# Build or Buy a Single Speed



## iendicott (20 Jul 2010)

Now got my road bike all sorted was looking at investing in a Single Speed for work \ fitness and smoothness of cadence.

Now I really like the style of the Specialized Sirrus Sport or the Raliegh AIRLite SF3.0, is there a Single Speed that is the same style as one of these or do I have to build one from scratch which is not a bad thing ?

I liked the look of the Orbea Diem Black until I found out the price was circa £1700 and I don't think it's even a SS.

Thanks Ivan


----------



## Rob3rt (20 Jul 2010)

Specialized make a fixed/SS called the langster, Its stealth (matt) black and has a compact frame and is made from aluminium, lots of people ride and enjoy them.

Personally I'd go for a Dolan, I think they do a SS with mounts etc for a rack in a similar price range!


----------



## iendicott (20 Jul 2010)

Hi Rob3rt,

Looked at the Langster, it's OK there would be alot of thing to change on it, also looked at the Giant Bowery again alot of things I would change on it.
I have seen a Dolan single speed and they are lovely so good call.

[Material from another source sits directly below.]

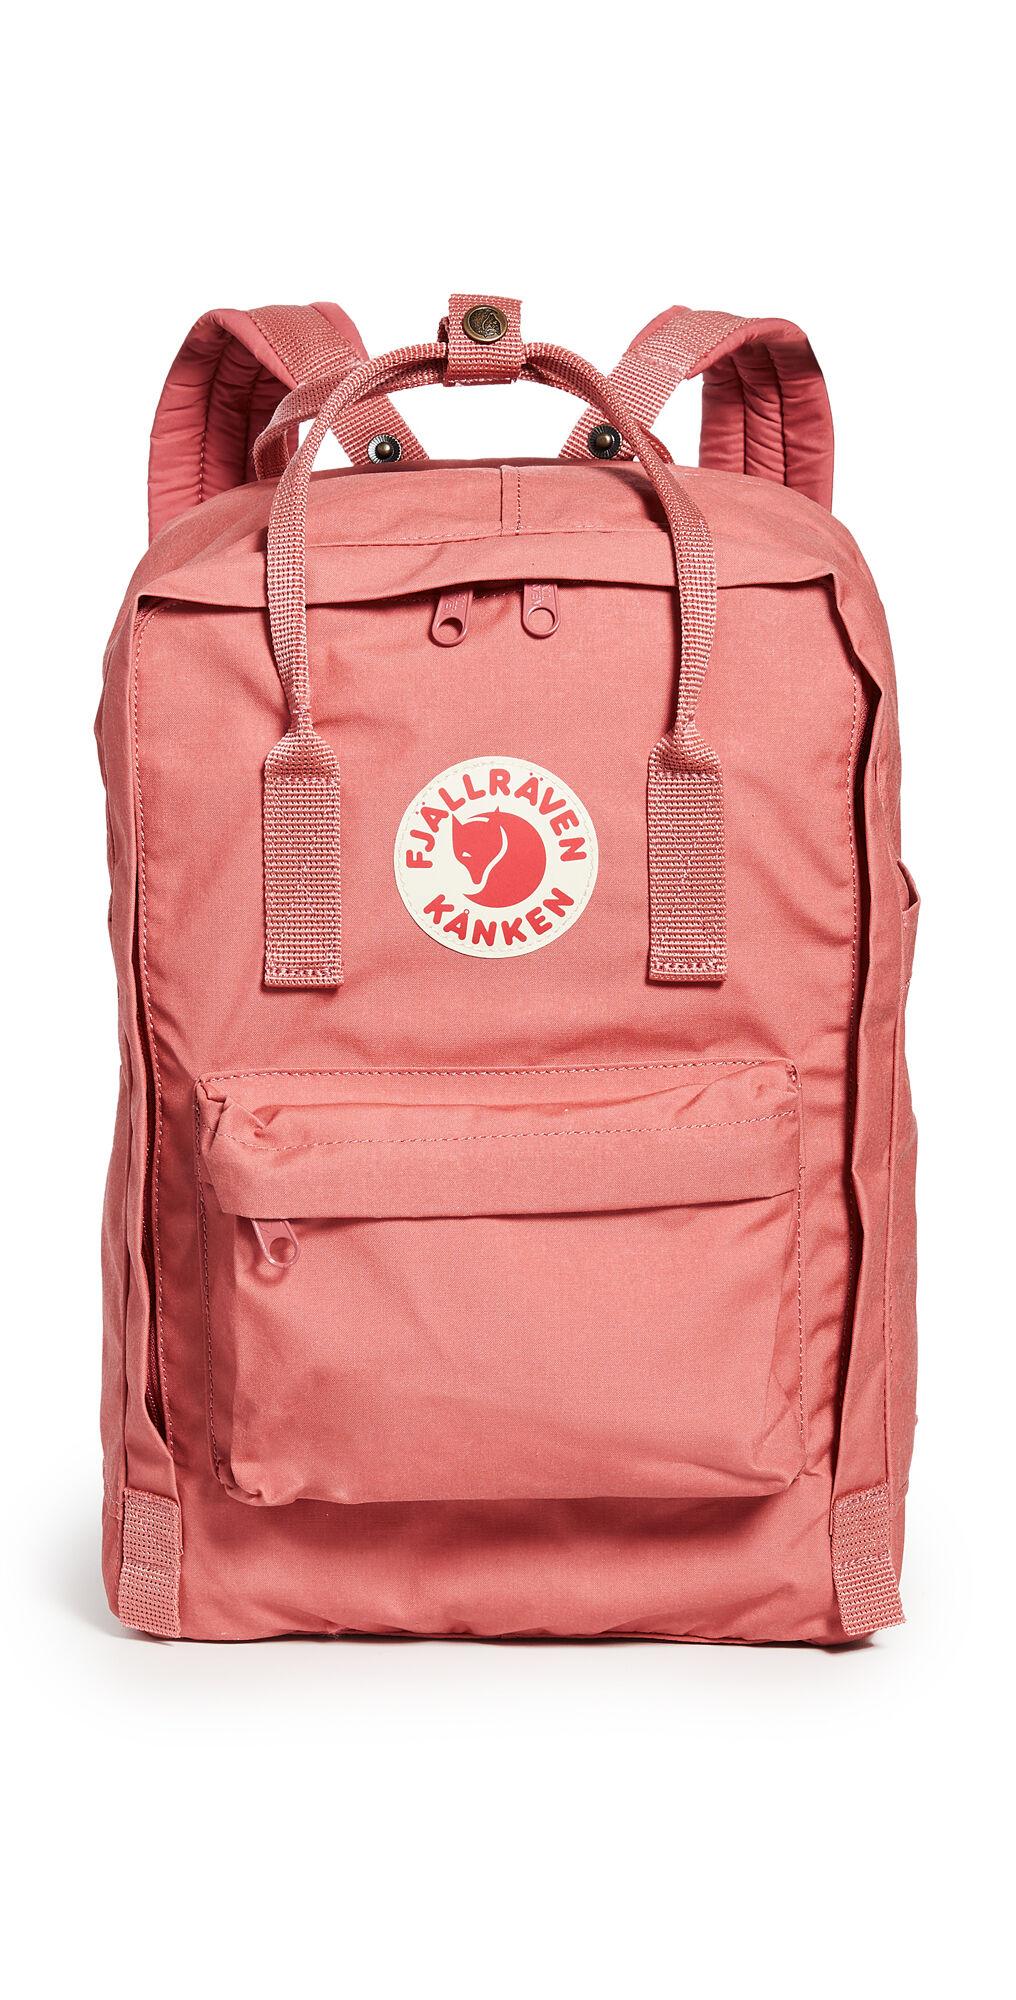 "Fjallraven Kanken 15 Laptop Backpack""  - Dahlia - Size: One Size"

How hard is it to convert say the Specialized to a Single speed ? I Suspect it would be cheaper to build it from frame up.

Thanks Ivan


----------



## Rob3rt (20 Jul 2010)

iendicott said:


> Hi Rob3rt,
> 
> Looked at the Langster, it's OK there would be alot of thing to change on it, also looked at the Giant Bowery again alot of things I would change on it.
> I have seen a Dolan single speed and they are lovely so good call.
> ...



TBH, I dont see any point in buying a modern road bike and converting it to single speed, the seat stays and dropouts will be real wide, it would look really ugly and the dropouts wont allow the chain to be tensioned so you will need to buy a chain tensioner.

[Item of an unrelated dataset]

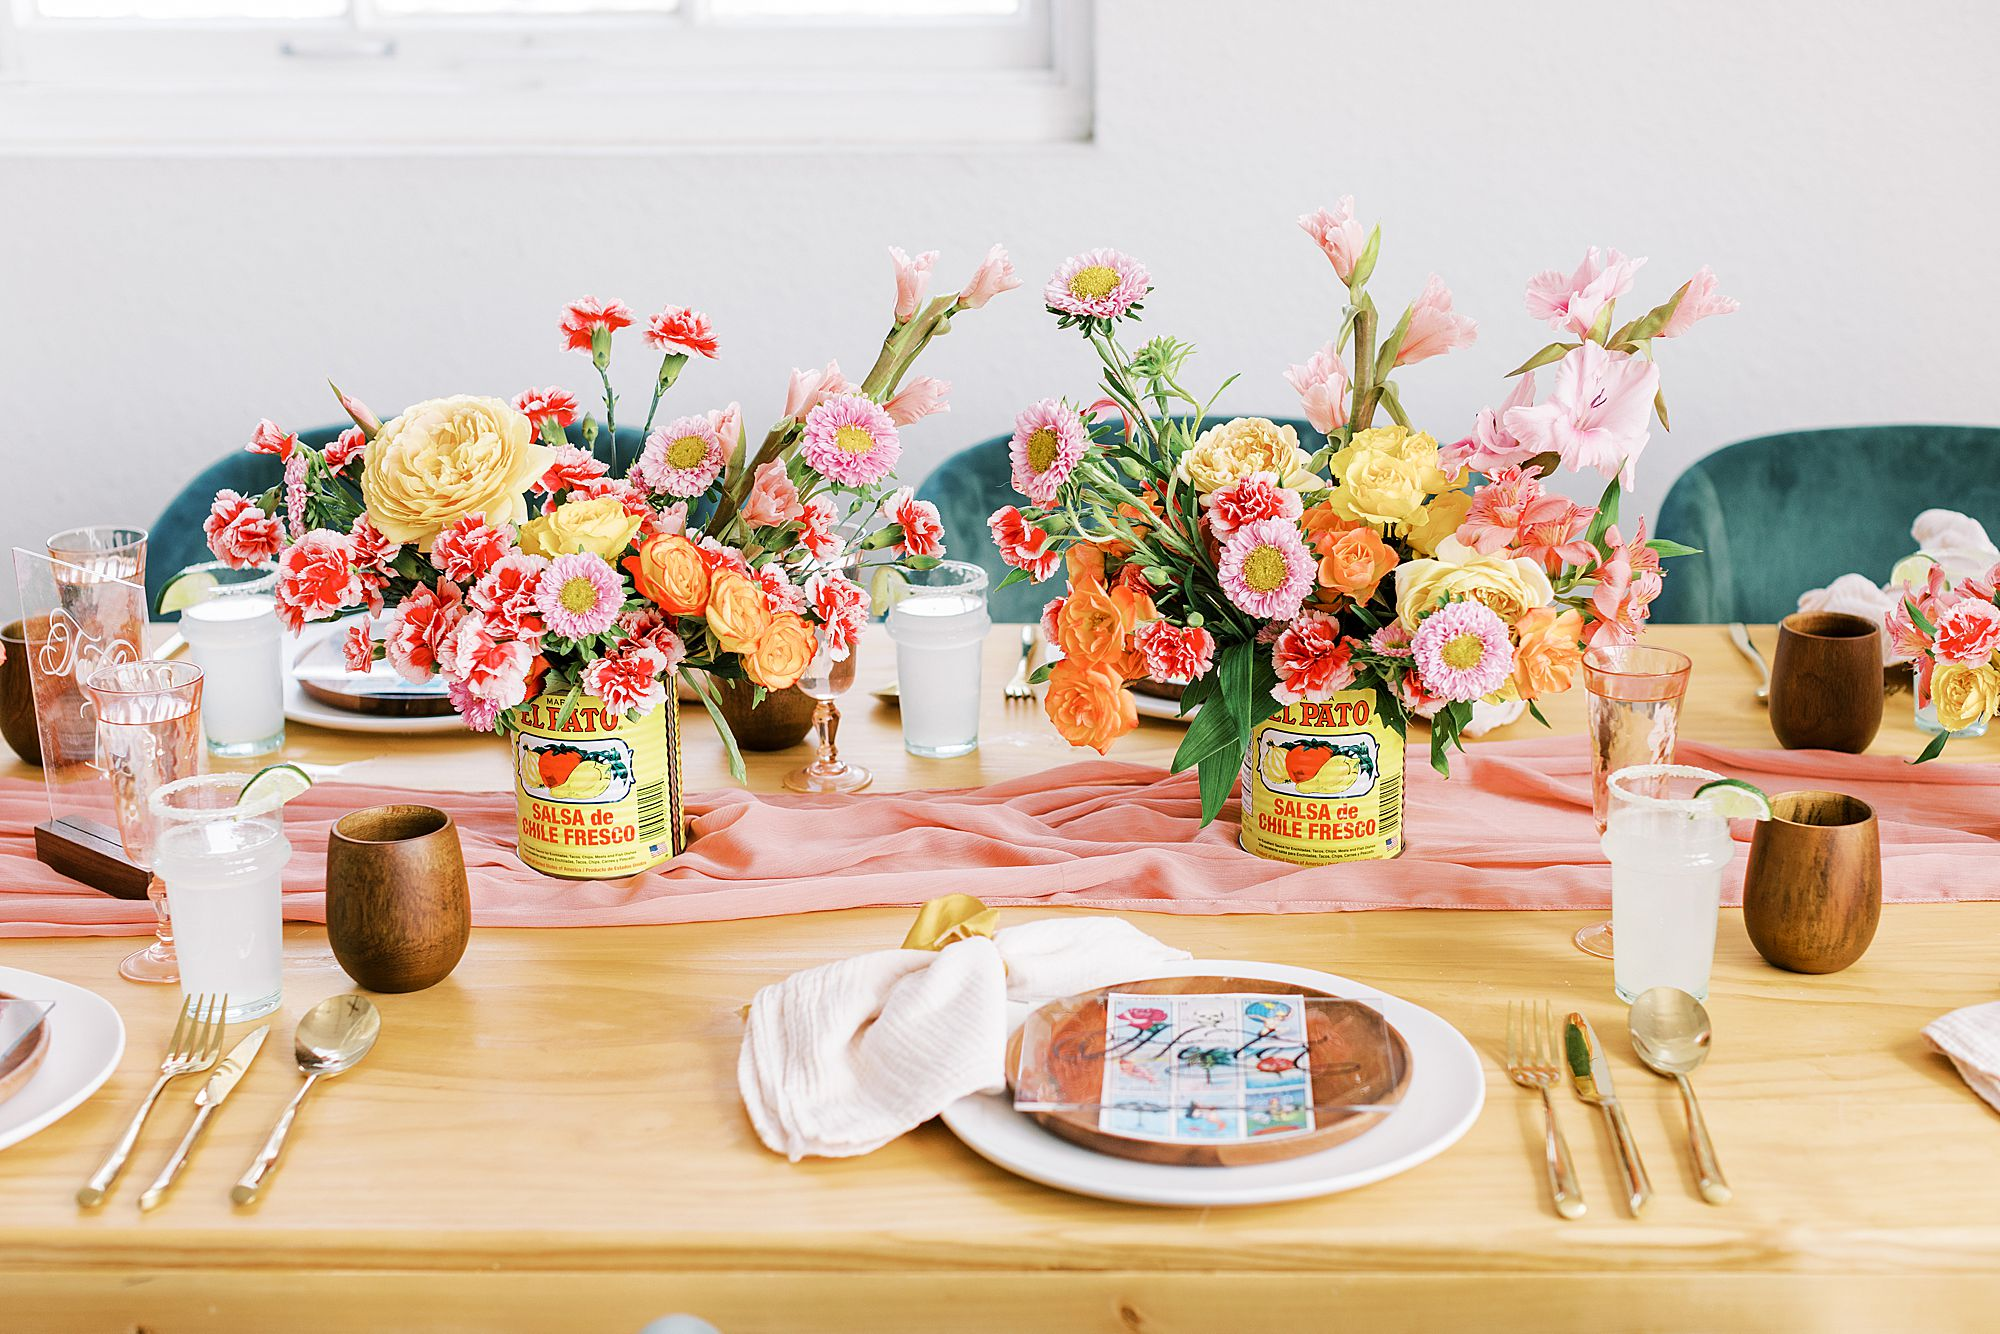 Cinco De Mayo Inspiration for Your FIesta - Party Crush Studio and Ashley Baumgartner_0029.jpg

Personally I will never buy another off the peg fixed wheel bike again. I will always build my own from now on. Same most likely goes for any bike to be honest. Not always the most cost effective way to get a nice bike, but its the only way you will get a bike that suits every one of your requirements and demands. Unless of course you get super lucky and find an off the peg bike that suits you perfectly, I've never seen one that would suit me though.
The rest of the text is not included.